■ The data:
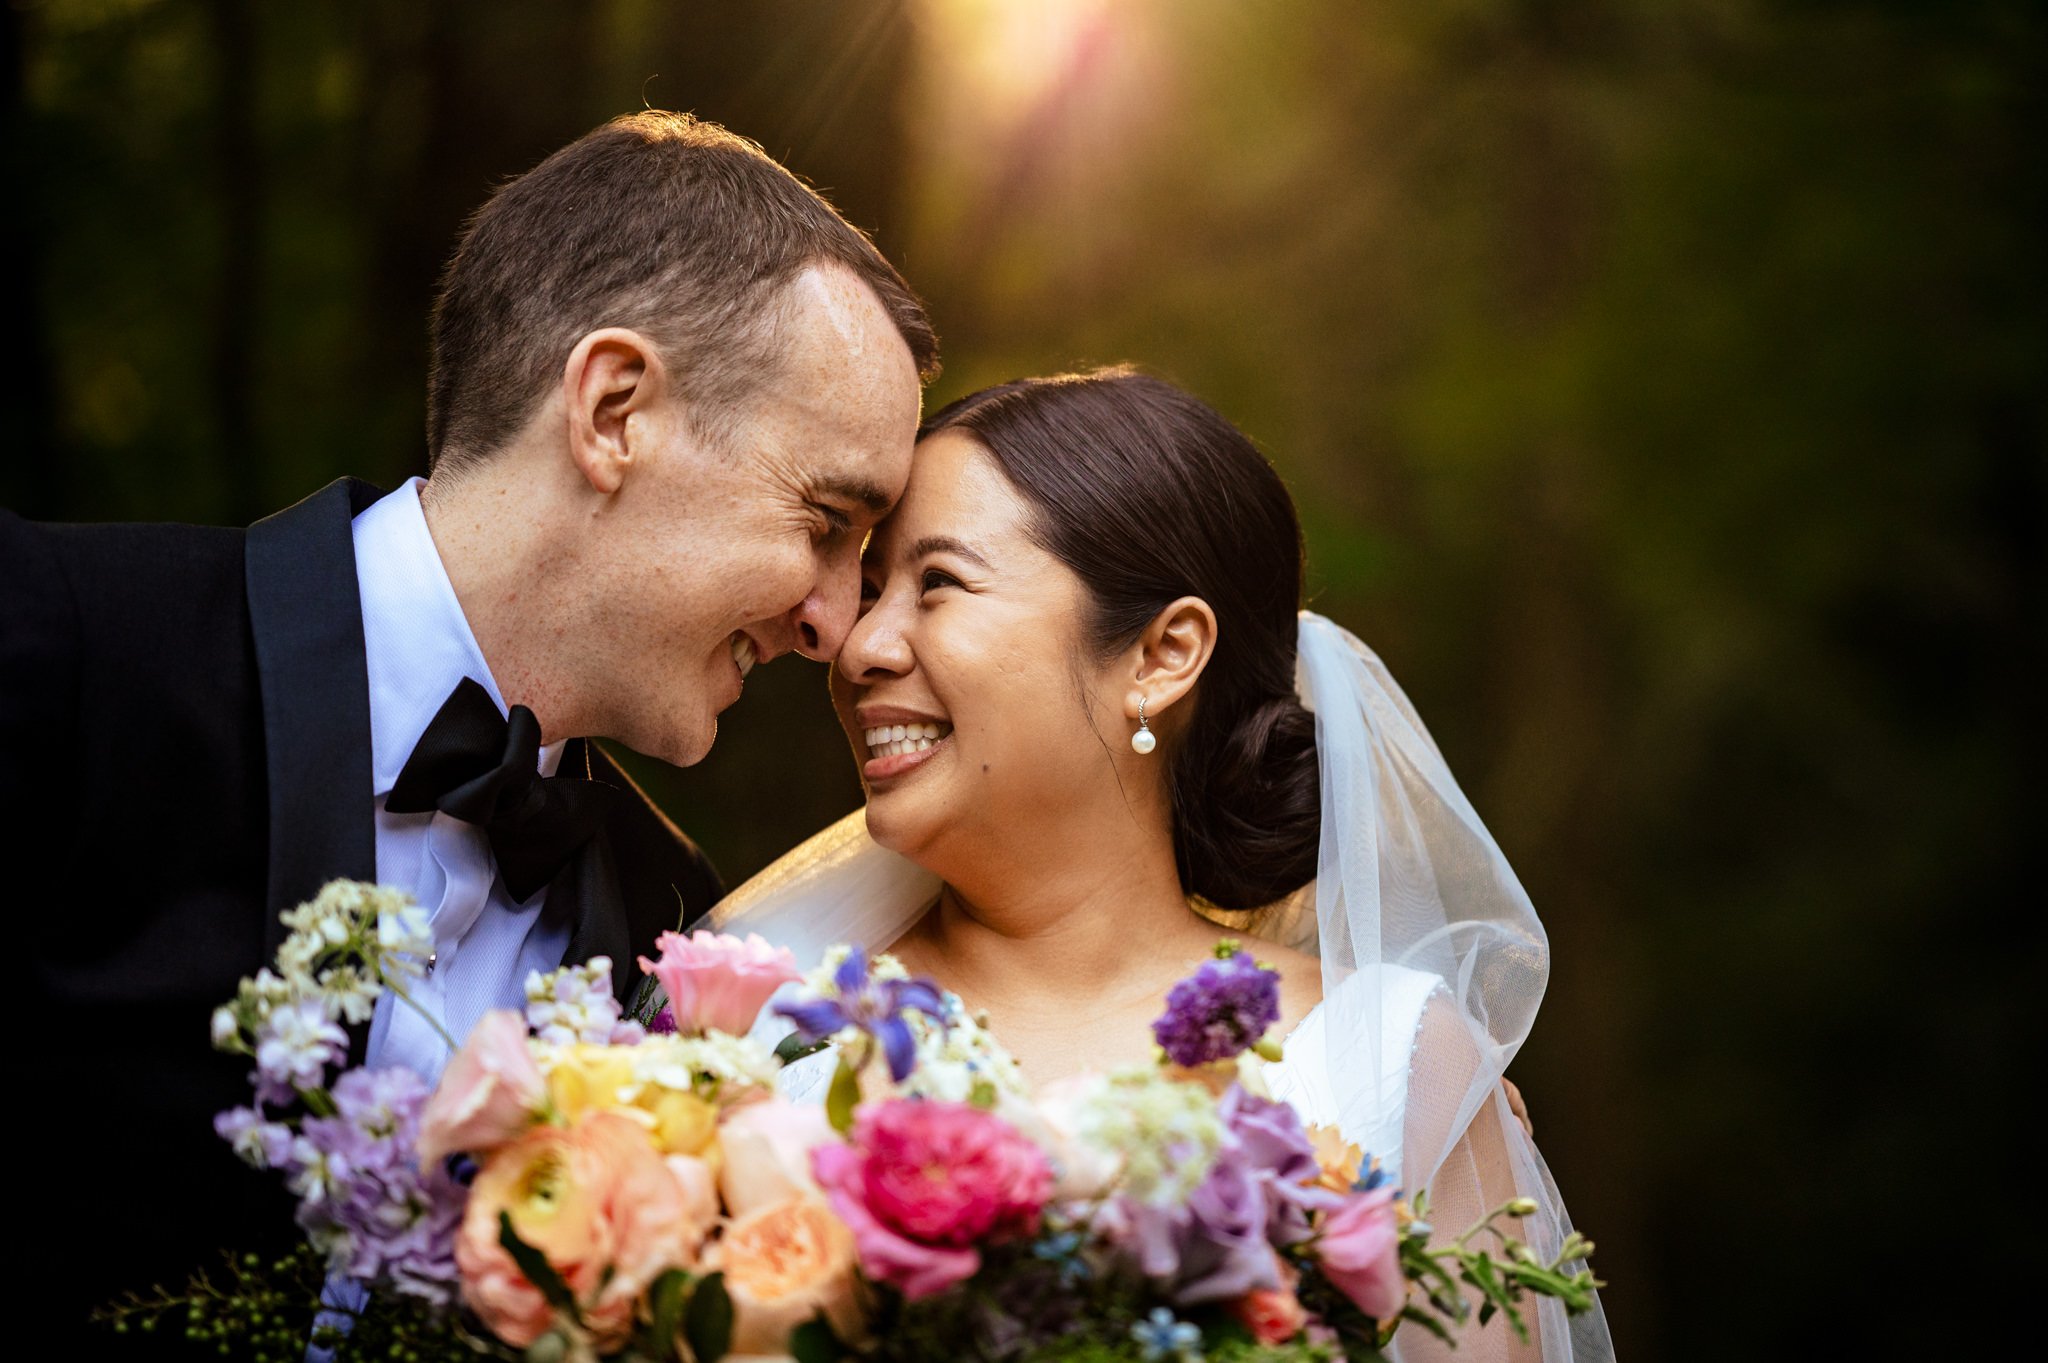 Asheville NC wedding photographer captures a tender kiss between bride and groom in the enchanting woods.
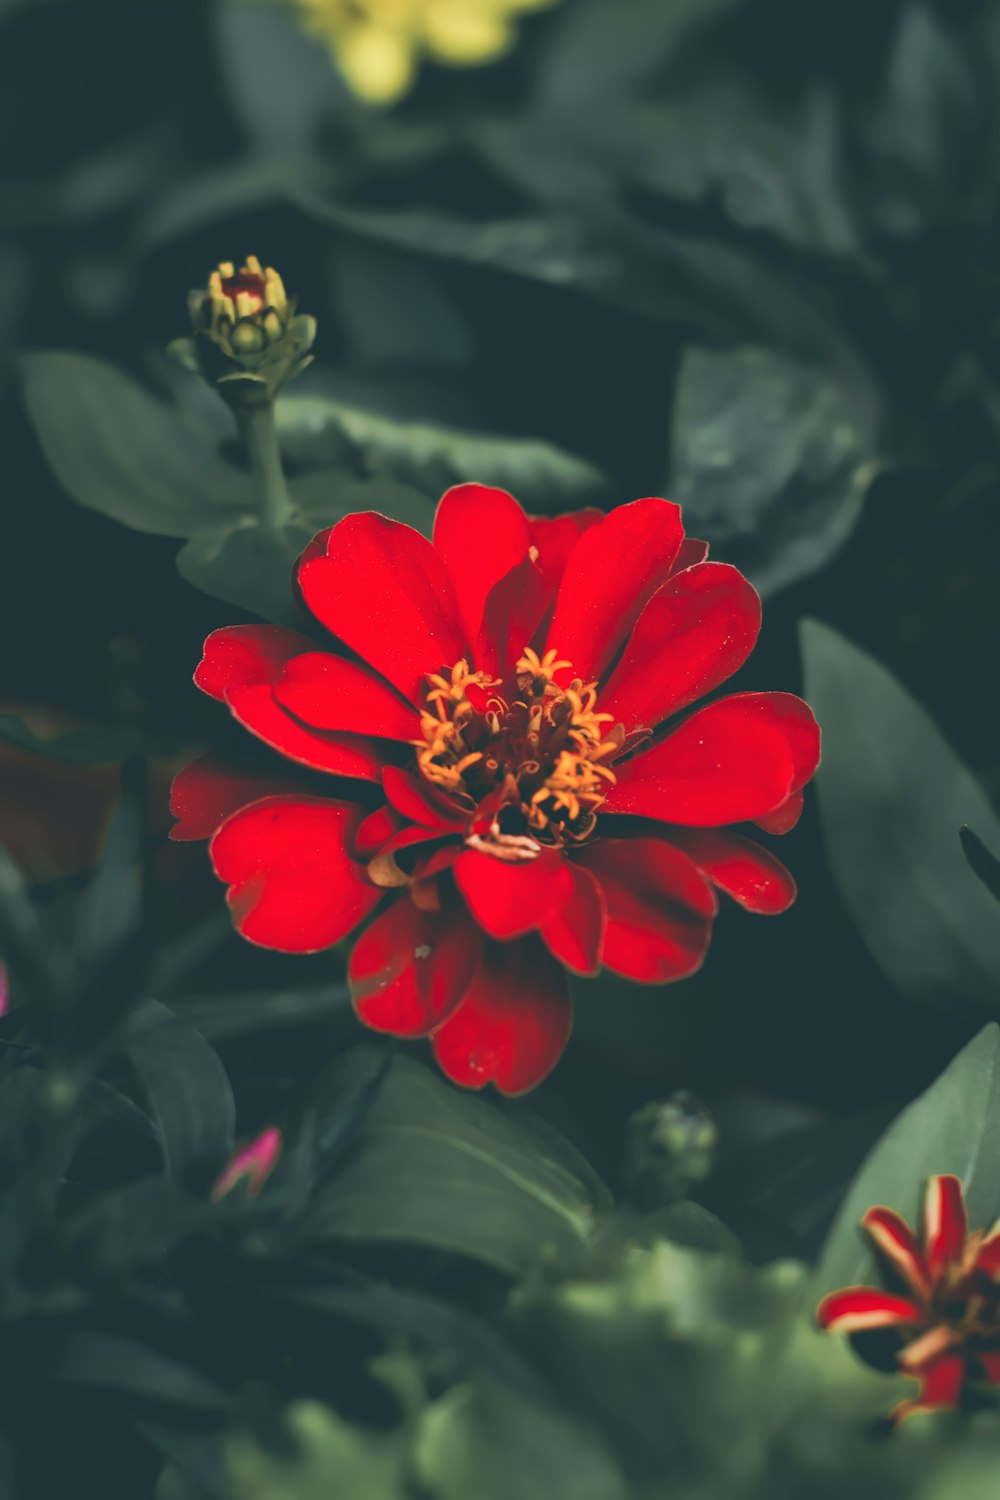 a close up of a red flower surrounded by green leaves
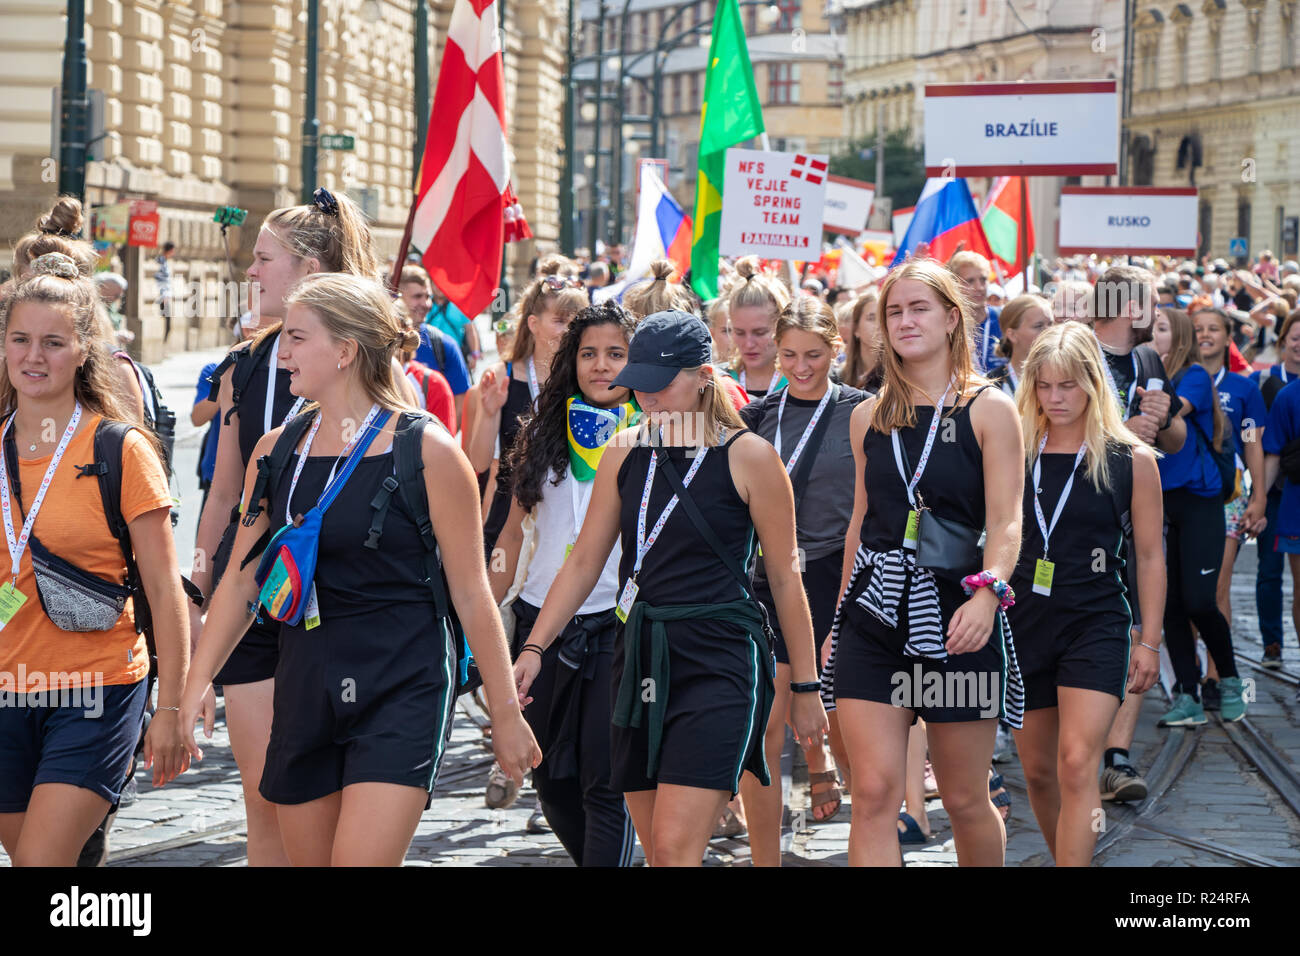 PRAGUE, CZECH REPUBLIC - JULY 1, 2018: International visitors parading at Sokolsky Slet, a once-every-six-years gathering of the Sokol movement - a Cz Stock Photo
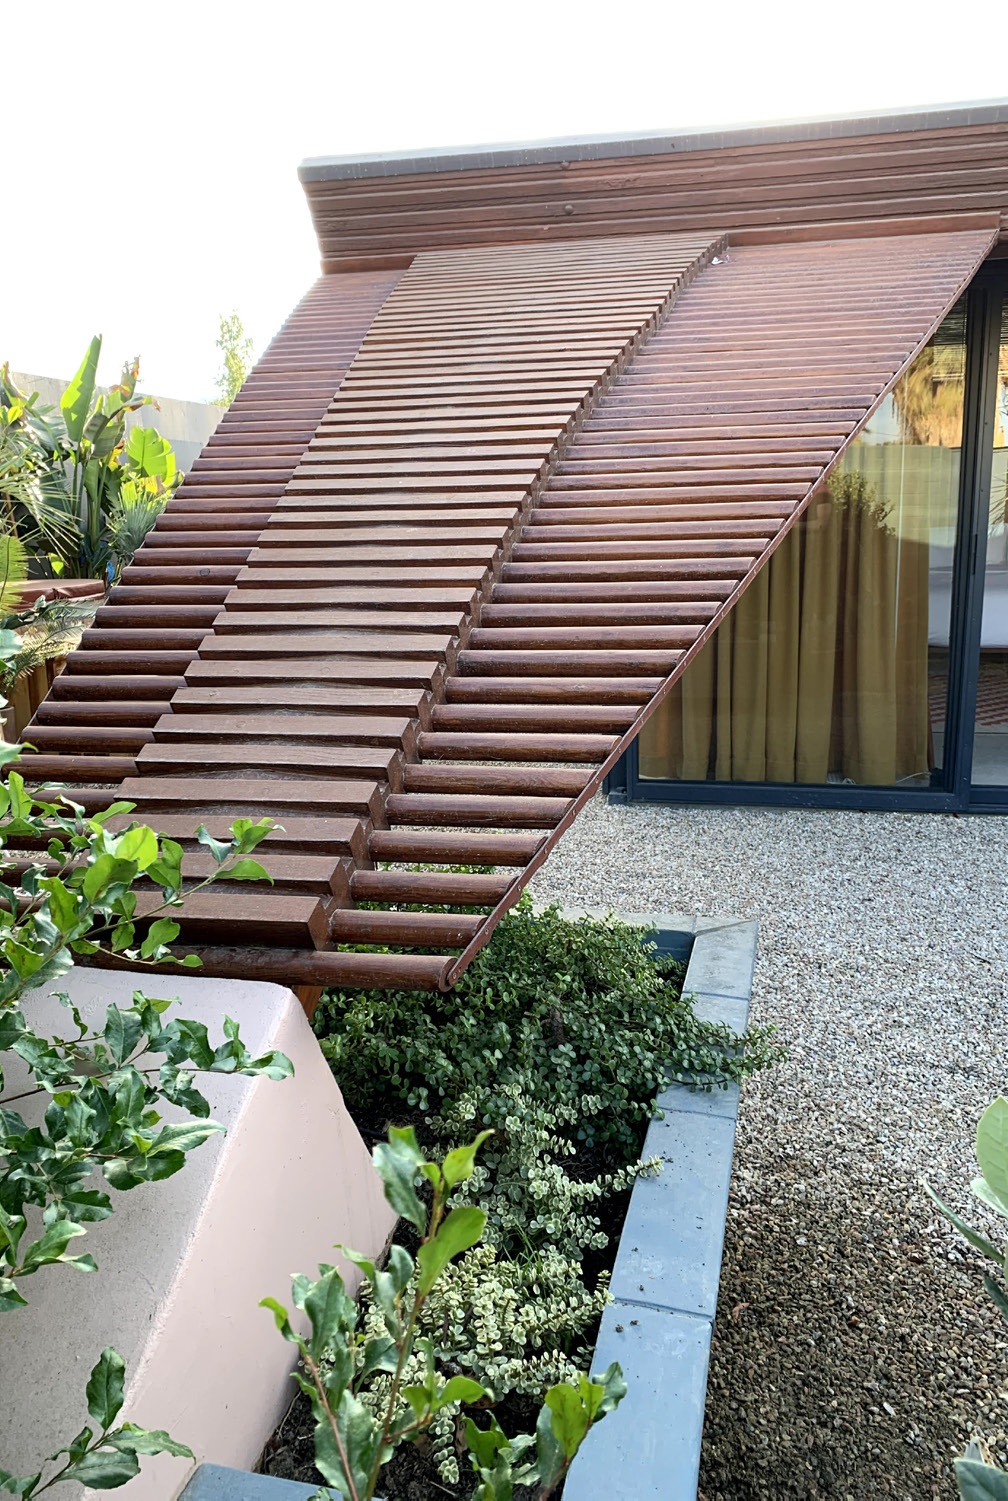 Rehabilitated wood trellis, extending off southern side of the roof, concrete planter and buttress

■ Work to complete:
Repeat the data verbatim through the "a close up of" line, no pictures.

■ Response for this exercise:
 Asheville NC wedding photographer captures a tender kiss between bride and groom in the enchanting woods.
 a close up of a red flower surrounded by green leaves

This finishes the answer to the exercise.